The main purpose behind writing this tutorial was to provide a more detailed set of instructions for someone who is trying to implement an eigenface based face detection or recognition systems. It is assumed that the reader is familiar (at least to some extent) with the eigenface technique as described in the original M. Turk and A. Pentland papers (see "References" for more details).

1. Introduction

The idea behind eigenfaces is similar (to a certain extent) to the one behind the periodic signal representation as a sum of simple oscillating functions in a Fourier decomposition. The technique described in this tutorial, as well as in the original papers, also aims to represent a face as a linear composition of the base images (called the eigenfaces).

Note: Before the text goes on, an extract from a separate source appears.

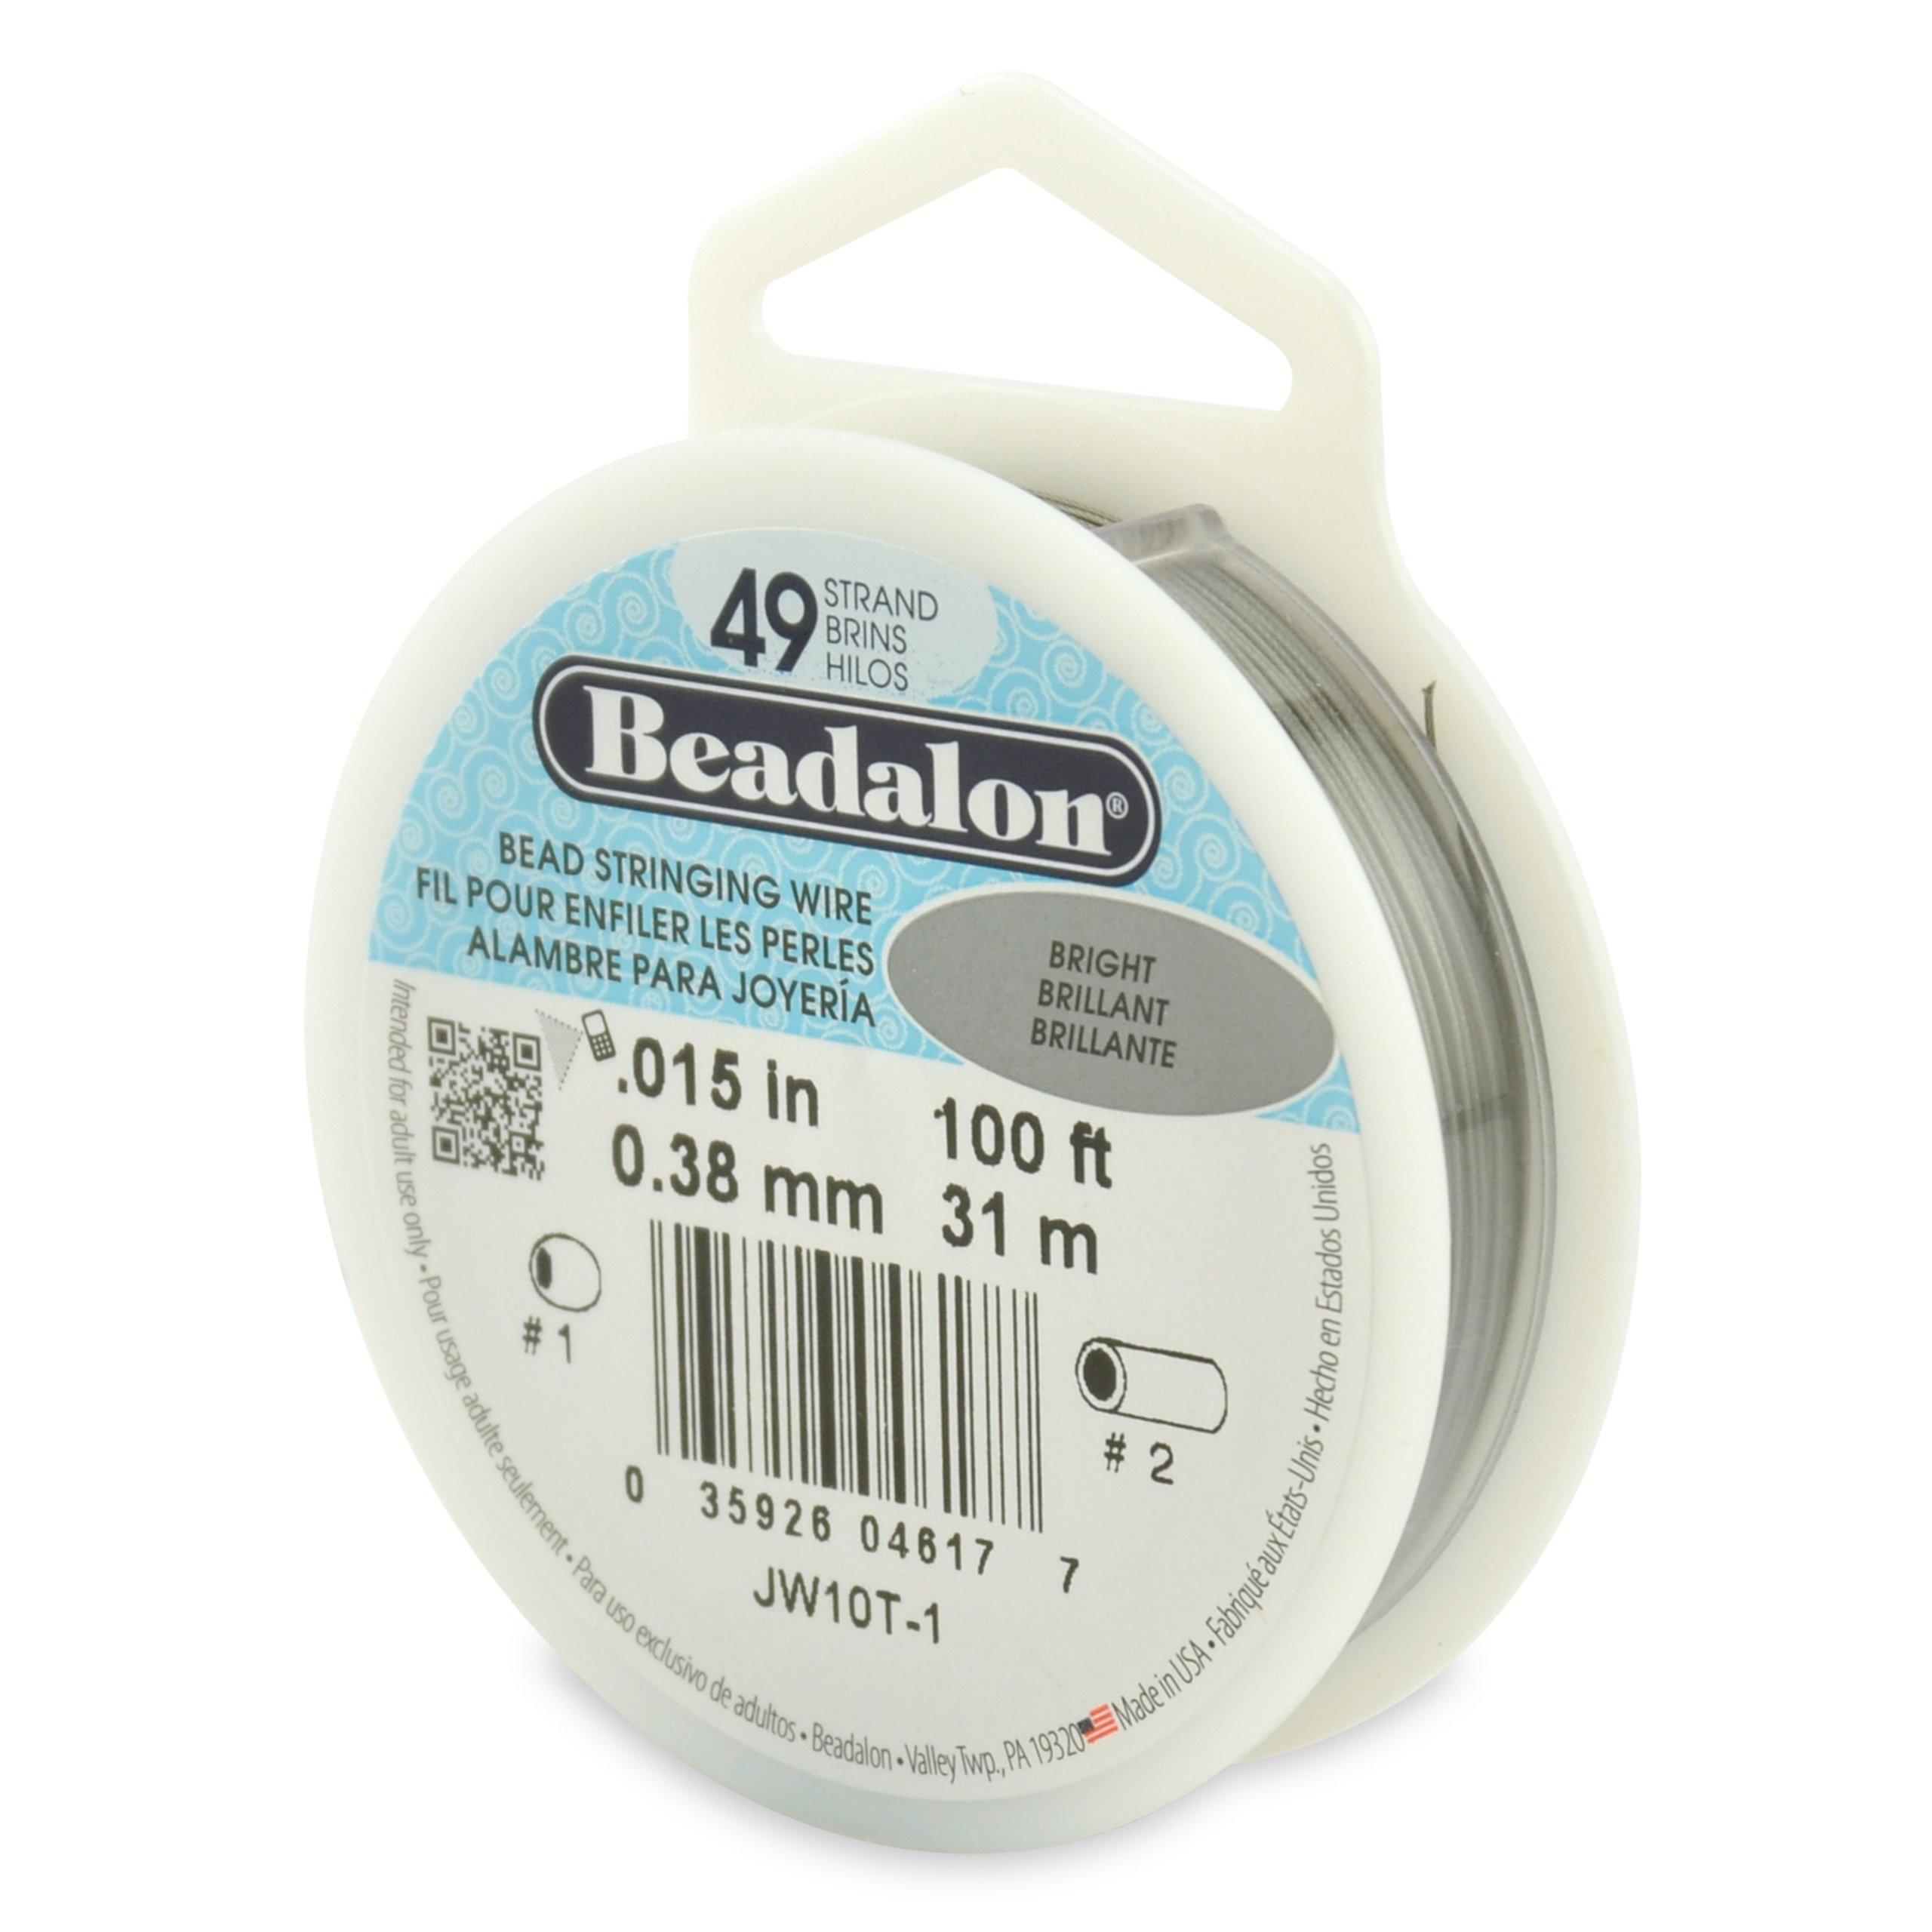 Beadalon 49-Strand 0.015'' (0.38 mm) 100 ft (30.5 m) Bright Bead Stringing Wire by Beadalon

The recognition/detection process consists of initialization, during which the eigenface basis is established and face classification, during which a new image is projected onto the "face space" and the resulting image is categorized by the weight patterns as a known-face, an unknown-face or a non-face image.

2. Demonstration

To download the software shown in video for 32-bit x86 platform, click here. It was compiled using Microsoft Visual C++ 2008 and uses GSL for Windows.

3. Establishing the Eigenface Basis

First of all, we have to obtain a training set of M grayscale face images I_1, I_2, ..., I_M. They should be:

  1. face-wise aligned, with eyes in the same level and faces of the same scale,
  2. normalized so that every pixel has a value between 0 and 255 (i.e. one byte per pixel encoding), and
  3. of the same N \times N size.

So just capturing everything formally, we want to obtain a set \{ I_1, I_2, ..., I_M \}, where \begin{align} I_k = \begin{bmatrix} p_{1,1}^k & p_{1,2}^k & ... & p_{1,N}^k \\ p_{2,1}^k & p_{2,2}^k & ... & p_{2,N}^k \\ \vdots \\ p_{N,1}^k & p_{N,2}^k & ... & p_{N,N}^k \end{bmatrix}_{N \times N} \end{align} and 0 \leq p_{i,j}^k \leq 255.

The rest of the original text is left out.